Peanuts growing all around, Abubakari focuses on processing for a healthy food supply
By Alex C. Merritt
University of Georgia, Peanut & Mycotoxin Innovation Lab
When you grow up in a peanut-producing region, it’s easy to be grounded in groundnuts.
PMIL master’s student Yussif Abubakari was born in Tamale, Ghana, in the Northern region of the country. According to the UN’s Food and Agriculture Organization, Ghana is the world’s 15th largest producer of peanuts, and smallholder farmers in this area produce most of the country’s 490,000-ton annual peanut output.
Abubakari became interested in the production of peanut paste, a ground peanut product that is similar to peanut butter. Peanut paste is valued in Ghana for its flavor and high nutrient content.
“Northern Ghana is a leading producer of peanut products such as peanut paste, but almost all of the peanut paste produced is for domestic use,” said Abubakari. “This may be due to the high risk of microbial contamination through the variable methods of production that lack standard quality supervision. These contaminations can pose serious health problems to consumers.”
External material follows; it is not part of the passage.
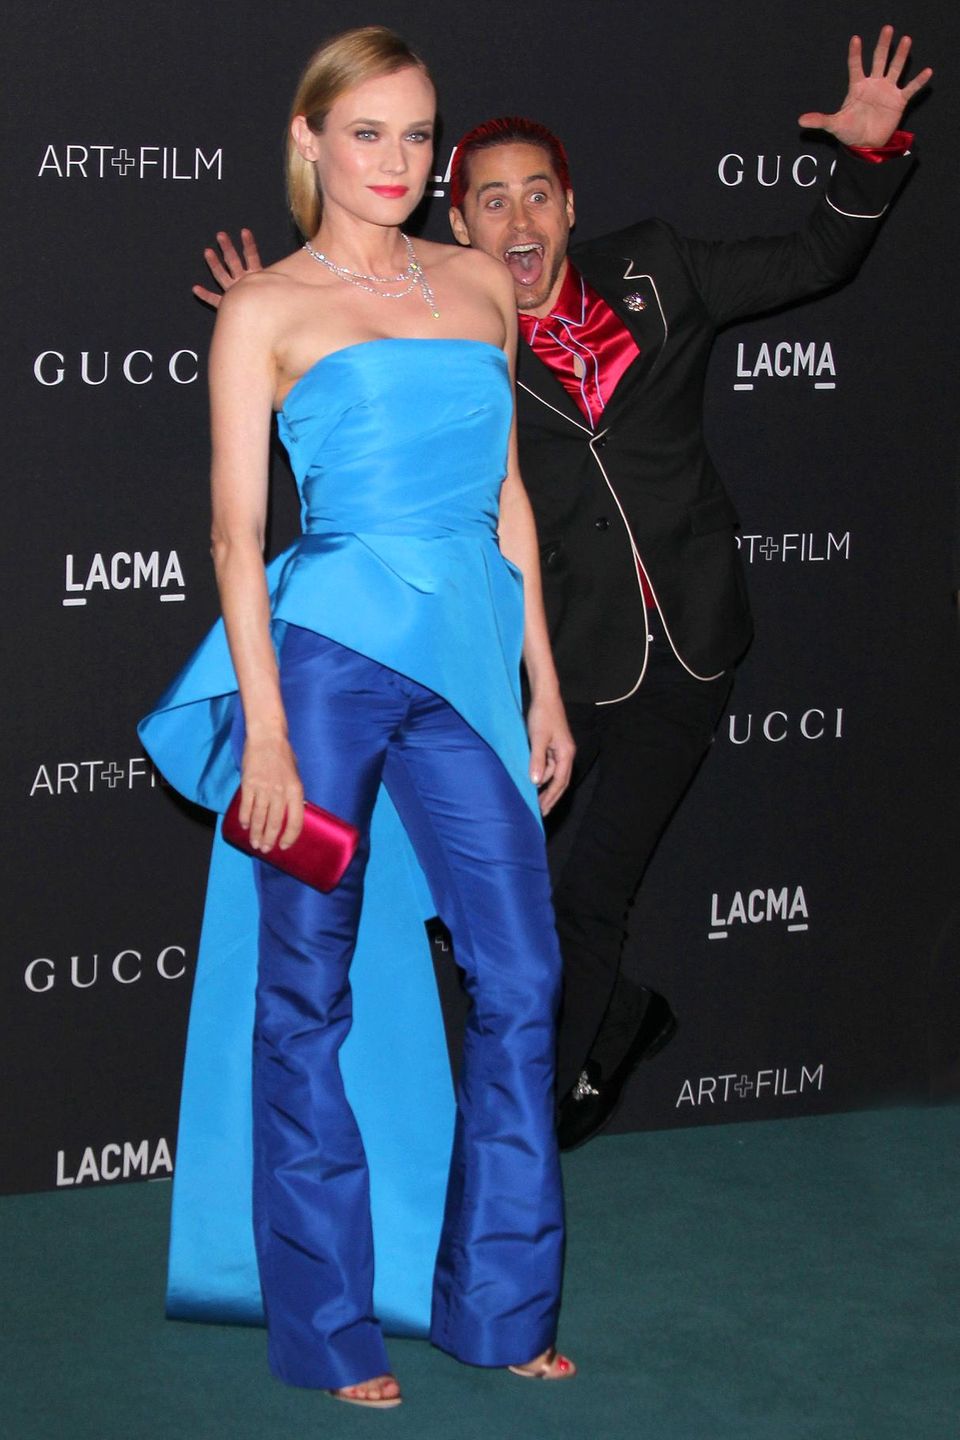 Jared Leto kann's nicht lassen. Während Diane Kruger bei der "LACMA Art+Film"-Gala für die Fotografen posiert, springt der Schauspieler ins Bild. Das ergibt natürlich ein viel lustigeres Motiv.

Aflatoxin, a byproduct of naturally occurring molds that grow on staple crops like peanuts and corn, is one of these contaminants. Aflatoxin can build up in crops that are exposed to the fungus and then dried or stored improperly. Long-term consumption of aflatoxin-contaminated food has been linked to liver cancer, childhood stunting, and immune system deficiencies.
“I took interest in research to mitigate aflatoxin in peanuts along the production chain in Ghana,” Abubakari said. “My degree will enable me to conduct research into the quality of the food we consume and the effects it has on our health and the economy.”
With support from PMIL, Abubakari recently earned a master’s degree in Food Science and Technology from the Kwame Nkrumah University of Science and Technology in Kumasi. His research focused on the quality of peanut paste in the three parts of northern Ghana.
“My goal was to determine the nutrient content of peanut paste sold in northern sector markets, as well as assess the microbial load and aflatoxin levels of the peanut paste sold,” he said.
He began by collecting peanut paste samples from six major markets in Northern Ghana. Tests showed the peanut pastes all were high in protein and carbohydrate content, but the samples contained a wide range of aflatoxin. Only two of the six markets, Tamale central and Bolga central, offered paste that on average passed the 20 ppb limit imposed in the U.S. The peanut paste samples from Wa central market had the highest concentration of aflatoxin at 126 ppb, over six times the recommended limit. Coliform counts for all samples were below the acceptable limits, and fungal contamination was below acceptable limits in all samples except those from the Navrongo central market.
Abubakari then created a survey to better understand the processing methods behind the peanut paste manufacturing. He found that 75 percent of producers used untreated stream water during processing, and there was no sorting, blanching, or grading during the process, techniques shown to reduce the likelihood of aflatoxin contamination.
When the survey results are compared to the data from the market samples, it became clear that poor processing practices led to increased aflatoxin contamination.
“The relationship between the survey results and the level of aflatoxin contamination in the various samples was really amazing. The practices of the producers spelled out clearly the reasons for the high level contaminations in the samples,” he said.
Abubakari believes not enough attention is paid to the role that processing has on contamination.
“Although there have been interventions in the field to mitigate levels of aflatoxin in peanuts, paste processing practices have been left out of the question,” he said. “My research will help in food quality and safety decision-making. Further research should be conducted on the different paste-processing methods used in the various research locations.”
At the moment, Abubakari is working as a research assistant for the CSIR-SARI food science section. Between collecting and analyzing data and running the station’s soymilk factory (a project of the Feed the Future Soybean Innovation Lab), his love for research is pushing him to look for scholarships to pursue a PhD.
“I have a passion for food science,” he said. His main interest now lies in the intersection of food microbiology and food safety.
“Food microbiology and food safety reveal how, when, and what are threats to food contamination, and the effects this contamination has on our lives. I plan to continue research on peanuts as part of my PhD,” he added.